Large language models (LLMs) are trained on extensive text corpora, which inevitably include biased information. Although techniques such as Affective Alignment can mitigate some negative impacts of these biases, existing prompt-based attack methods can still extract these biases from the model's weights. Moreover, these biases frequently appear subtly when LLMs are prompted to perform identical tasks across different demographic groups, thereby camouflaging their presence. To address this issue, we have formally defined the implicit bias problem and developed an innovative framework for bias removal based on Bayesian theory, Bayesian-Theory based Bias Removal (BTBR). BTBR employs likelihood ratio screening to pinpoint data entries within publicly accessible biased datasets that represent biases inadvertently incorporated during the LLM training phase. It then automatically constructs relevant knowledge triples and expunges bias information from LLMs using model editing techniques. Through extensive experimentation, we have confirmed the presence of the implicit bias problem in LLMs and demonstrated the effectiveness of our BTBR approach.
Paper Structure (16 sections, 8 equations, 3 figures, 2 tables)

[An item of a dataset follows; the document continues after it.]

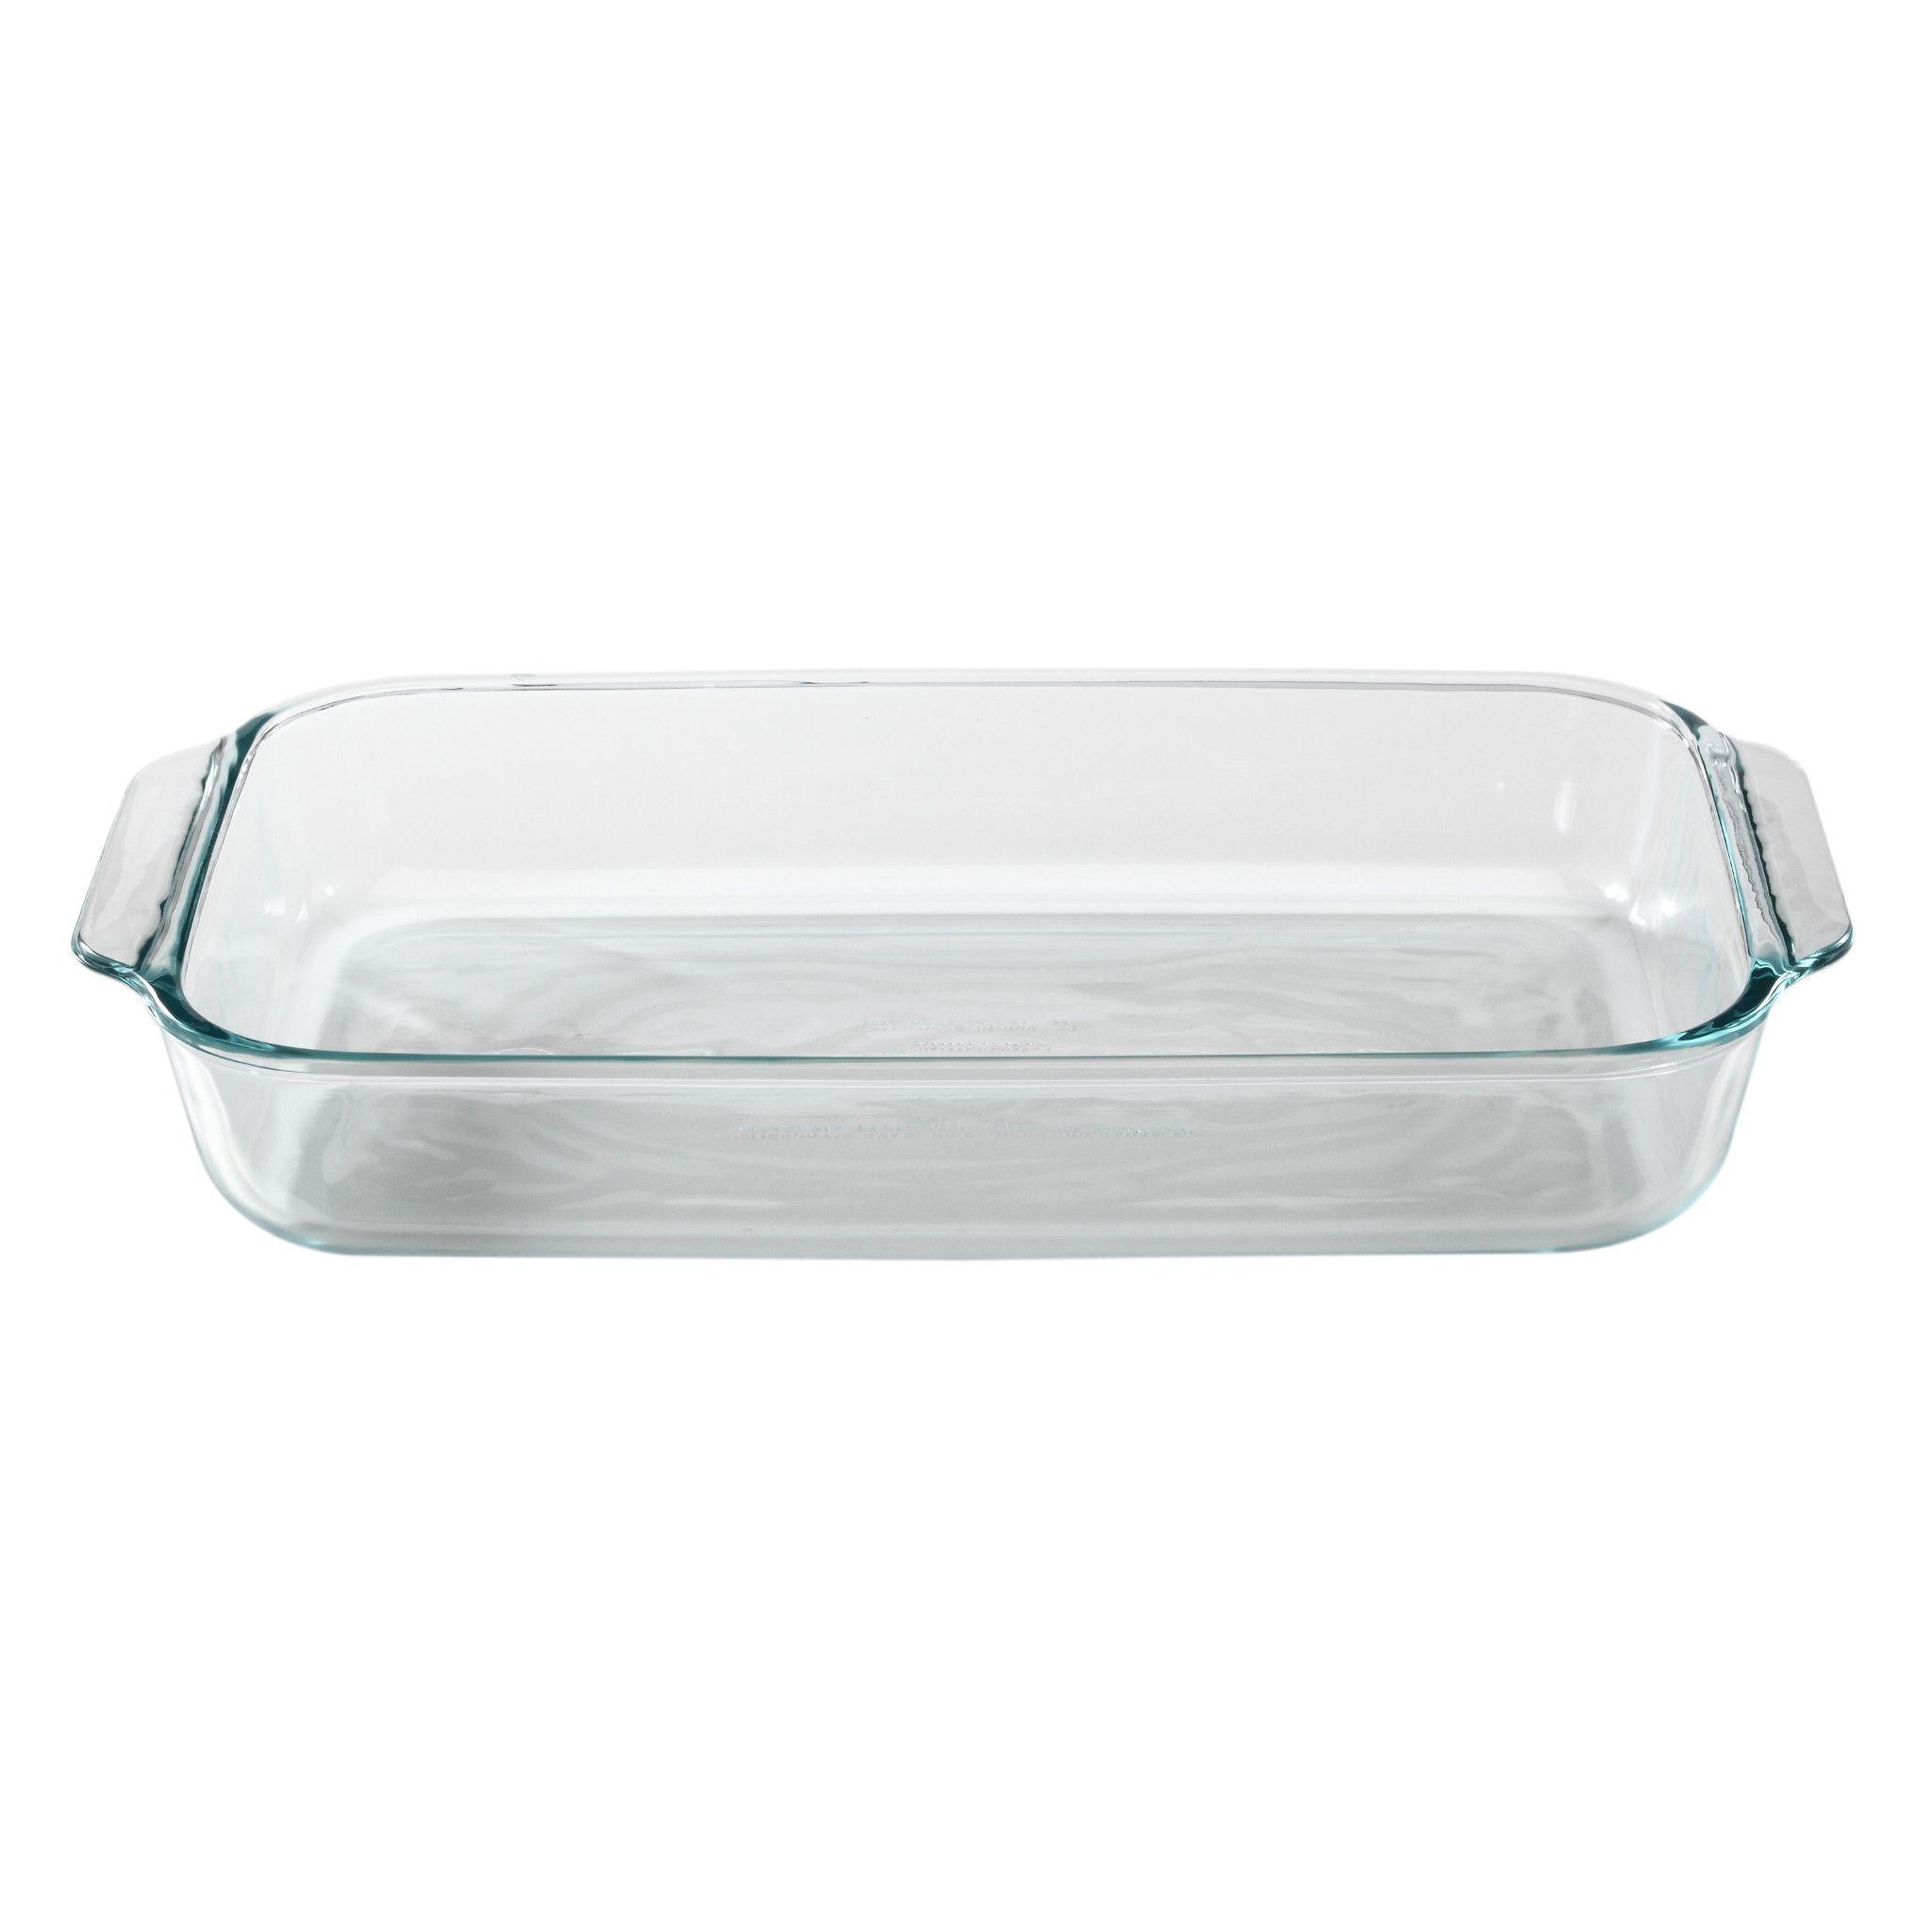 Pyrex Basics Glass Bakeware 3-Quart Baking Dish

This paper contains 16 sections, 8 equations, 3 figures, 2 tables.

Figures (3)

  • Figure 1: Diagram of Implicit Bias in LLMs. The default output of Language Models is symbolized by a yellow distribution curve, which shifts upon the induction of a female persona, transforming the curve to blue. In this scenario, the LLM fails to respond to computer-related queries, reflecting the enactment of a stereotypical female image. Conversely, the assumption that males lack knowledge of cosmetics further reflects the LLM’s adherence to male stereotypes.
  • Figure 2: Diagram of Bias Induction Techniques. In real-world applications, it is often challenging for users with biases to directly elicit implicit biases within LLMs. Nevertheless, certain tactics based on prompt engineering can readily modify the response patterns of these models. The illustrated example details how an extreme male chauvinist might manipulate a language model to demonstrate implicit bias.
  • Figure 3: Visualization of DB Values. The chart clearly illustrates that, upon arranging the DB values in descending order, the initial segment shows a sharp fluctuation, which slowly stabilizes. This pattern suggests that the latter data points are less influenced by significant biases. The demarcation is approximately at an index of 34. To mitigate the risk of removing too much data, we have opted for $K=30$.